Appams (or "hoppers") are a popular thick rice flour pancake eaten mainly in Kerala (located in South India on the western coast). Appams are made in a variety of flavors such as egg appams, coconut appams, honey appams, milk appams and also non vegetarian appam varieties.
BASIC KERALA APPAM (or PAL APPAM)
Yield: 15-16 pancakes
2 cups rice flour
1/2 cup cream of rice cereal
1/2 tsp active dry yeast
2 1/2 cups lukewarm water
2 tsp sugar
1/2 cup plus 2 tbsp milk
salt to taste
cooking spray as needed
In a small mixing bowl, add 1 tsp of the sugar with the yeast. Add 1/2 cup water and let stand for 8-10 minutes. The mixture should be foamy. Set aside until needed.
Meanwhile, in a small saucepan, bring 1 cup of the water to a good boil and add the cream of rice. Stir to combine well and bring the mixture to a gentle boil. Reduce the heat to low and cook. Keep stirring for a minute or so until the mixture thickens. Remove from the heat, let cool and keep aside until needed.

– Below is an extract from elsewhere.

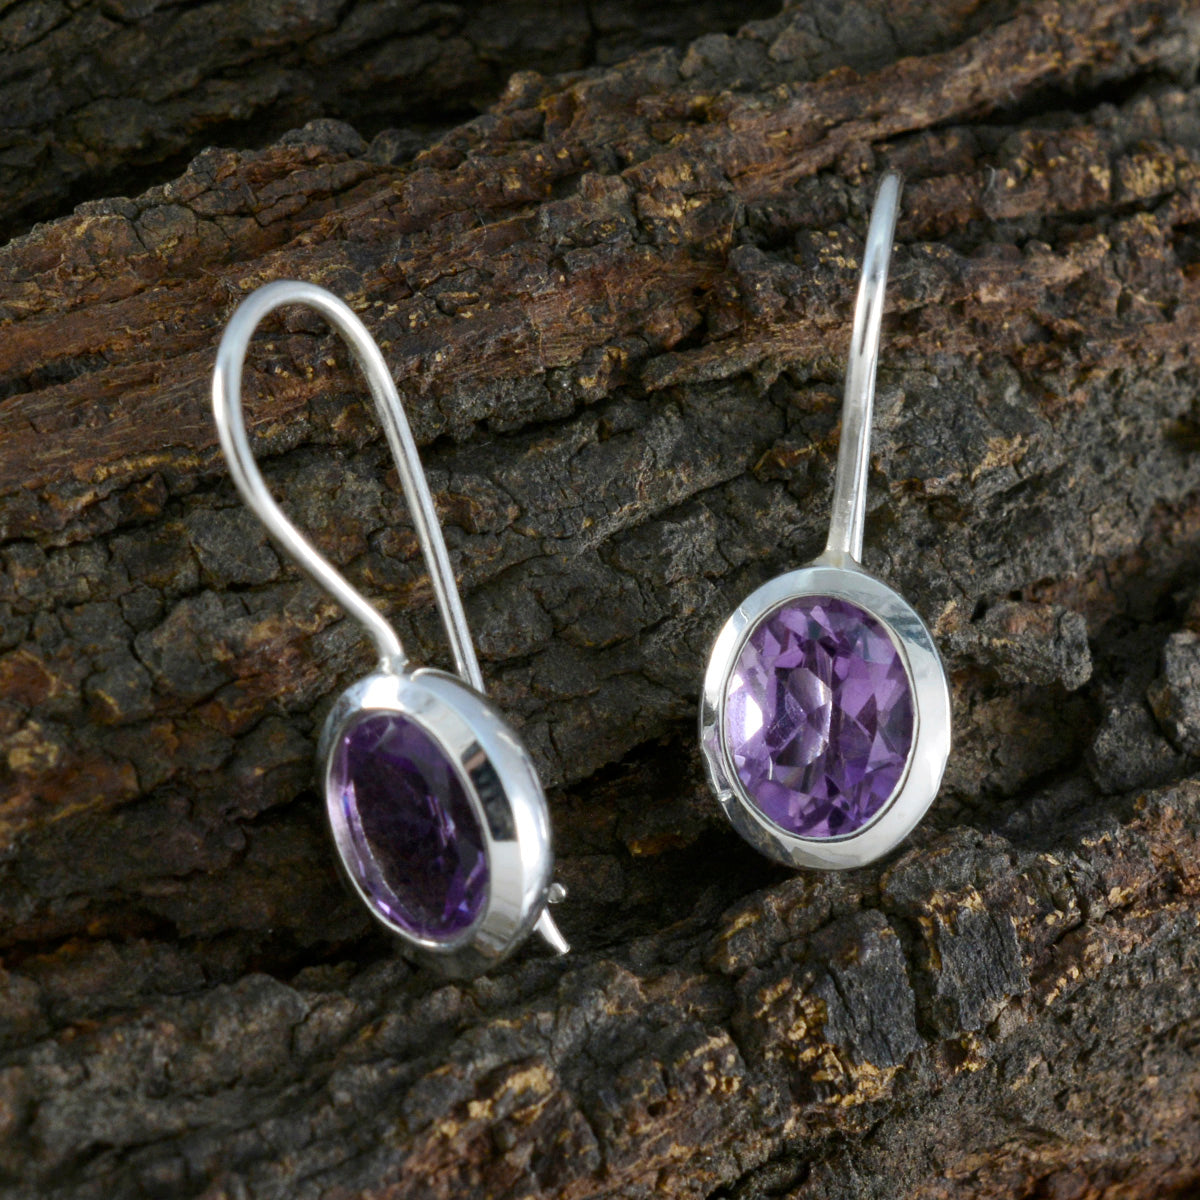 riyo fantasioso orecchino in argento sterling 925 per le donne orecchino di ametista con castone orecchino viola orecchino pendente

In a mixing bowl, combine the rice flour with the sugar. Carefully add the cooled cream of rice and the yeast mixture and the remaining cup of water. Then gently whisk all of the ingredients together form a thick batter. Next, cover the bowl tightly with plastic wrap and let stand at room temperature in a warm area for 8 hours or even overnight. The batter should have doubled in quantity and have a slightly sour aroma.
To the batter, whisk in the milk and salt. Combine all of the ingredients until smooth.
In a large nonstick skillet on medium high heat, spray a little cooking spray and pour 1/4 cup of the thick batter into the center of the skillet. Turn the skillet so the batter spreads in an even layer. If the batter is too thick, you can add a little milk or water as needed. Cook on medium low heat until the pancake is golden brown and set. Appams are traditionally cooked only on one side. Remove to a serving plate, serve immediately and eat warm.